When Jewish families were rounded up, thrown in prison, then sent off to die in extermination camps, it was the French themselves who did a lot of the heavy work. Of course, this atrocity, including at best estimate around 11,000 children, CHILDREN, being sent to their death continues to bring shame on the generation of French men (and some women) who either did it or looked the other way. Of course it does. I have often thought to myself that there is, then, nothing that the French could do to atone for this deep denial of the humanity of others, even of young kids. But I was wrong. There is something they can do. And I never would have thought of it myself. This week President Nicolas Sarkozy proposed a response to this atrocity that is so creative and potentially effective that I wonder that it took so many years to think of it. It calls on the next generation of French kids to do something that really makes sense.
His proposal is that the ten-year olds in French schools would each "adopt" one of the Jewish children, to learn about that child's life (and presumably, death), to own a picture of that child, and to keep the memory of that child alive. This seems to me like a great idea, one which will help the French turn the page on an awful part of their history. But then I was strongly in favor of the ban on head scarves too, for much the same reason: that it will foster solidarity in the people, rather than encourage ethnic enclaves.

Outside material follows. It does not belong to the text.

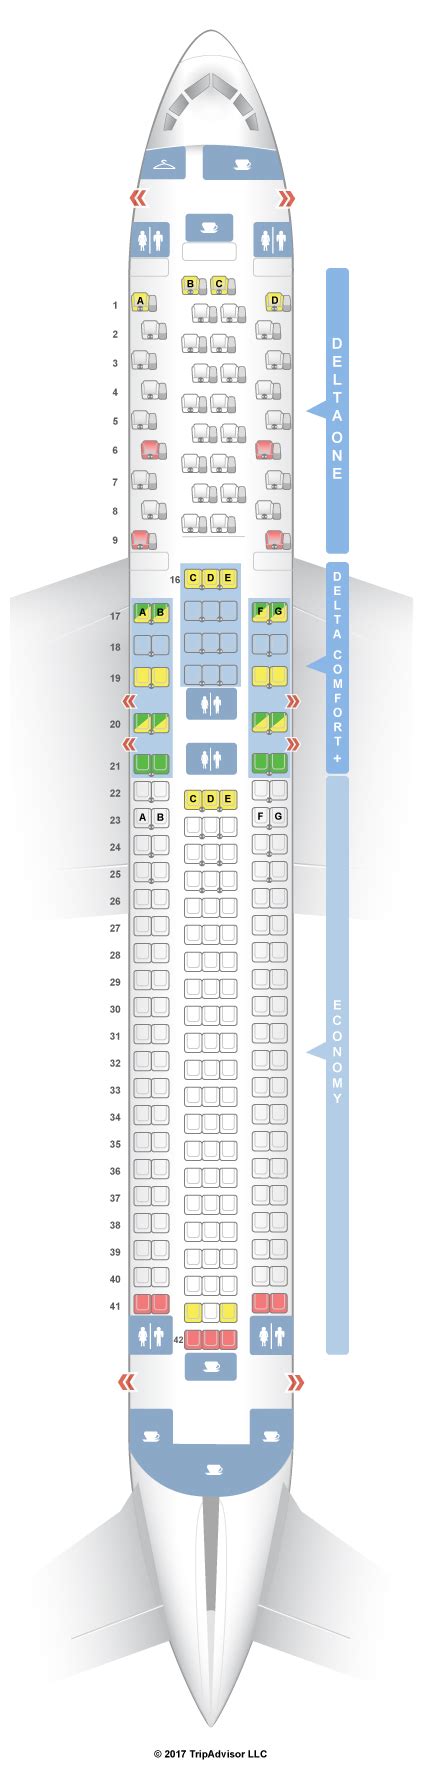 Delta seatguru 767-300. Things To Know About Delta seatguru 767-300.

The thoroughly predictable backlash started almost immediately. We are told that asking these ten year olds to identify with holocaust victims will traumatize them, that they are too young to be burdened with this task. My response to that is that being ten years old is so traumatic itself (Don't people REMEMBER what it was like on the schoolyard?) that this identification with an innocent and thoroughly real child would be a tonic.

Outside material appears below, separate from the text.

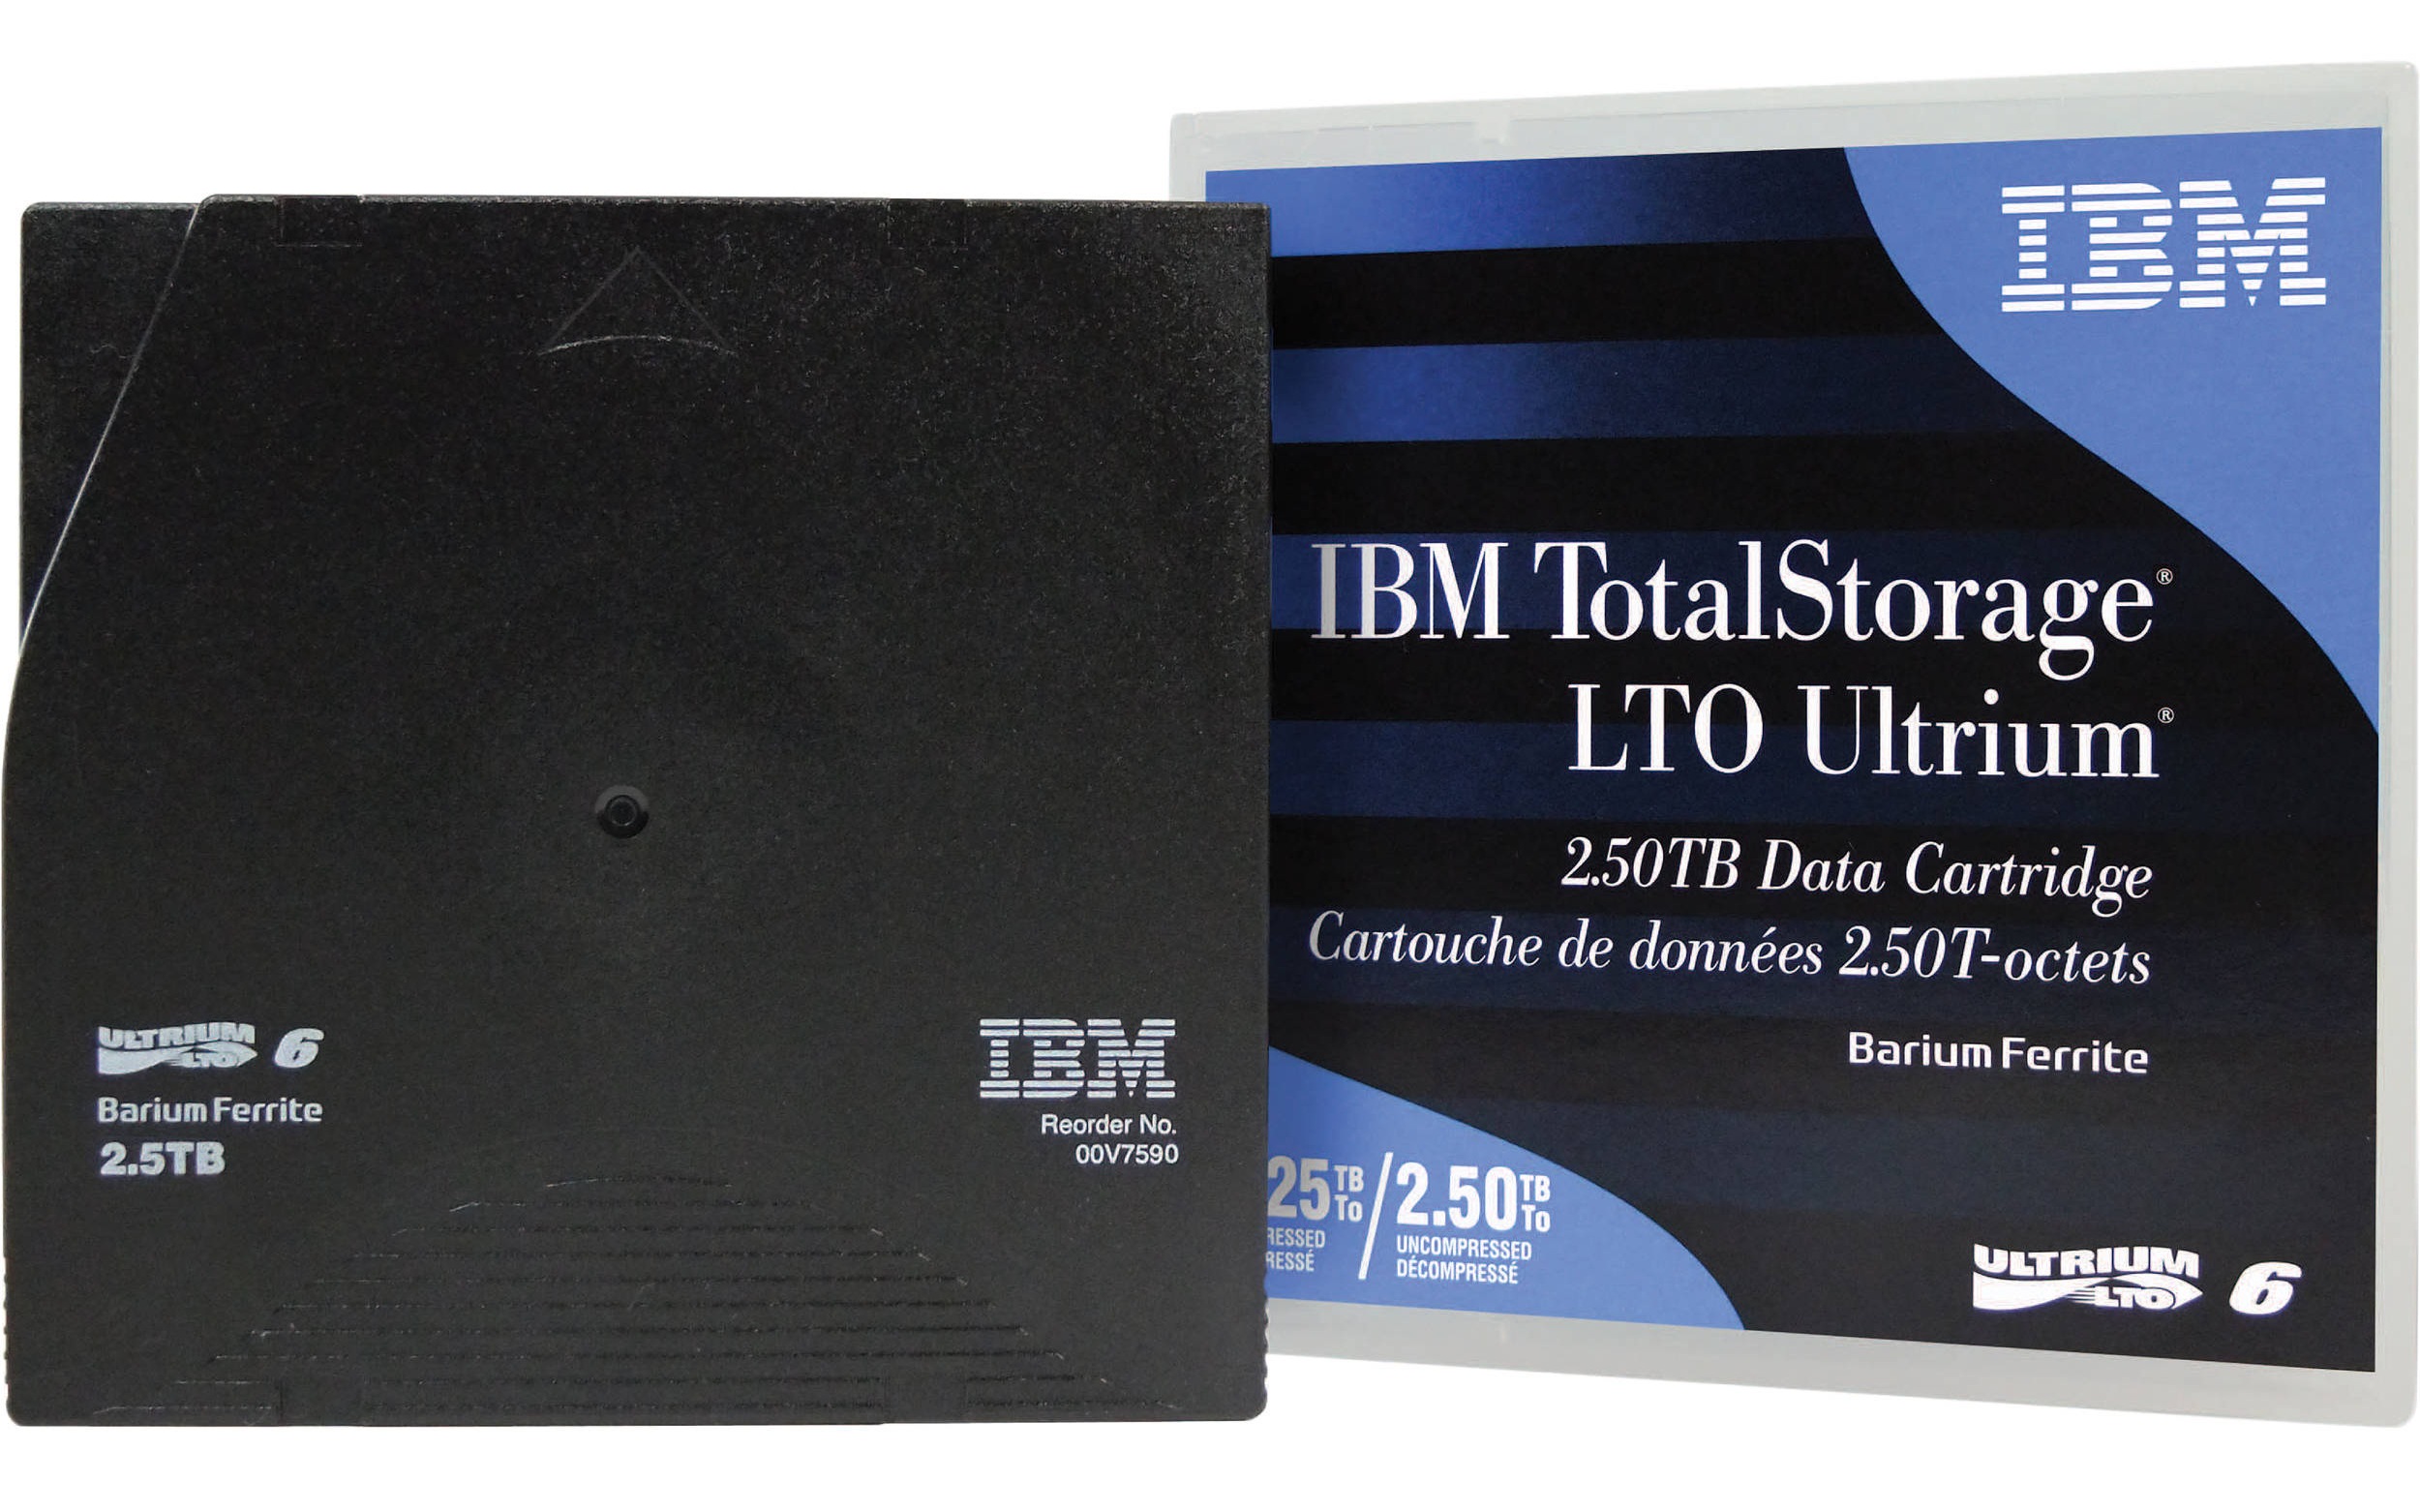 Компания IBM представила неинициализированные картриджи LTO Ultrium M8

Others object that we would have the effect of making this generation feel guilty for crimes that they did not commit, did not even previously know about. I think this objection seriously underestimates the maturity of ten year olds today. They know about drugs. They know about violence. They certainly know about hate. And Sex. So they can know about this tragic story without feeling that they did it. When I was a kid I always felt more secure when adults told me the truth. Stories about fairies freaked me out. Clowns terrified me. But the truth never did, because then I knew just what it was I had to deal with. The truth can hurt like a bitch, but it is always better than everything else.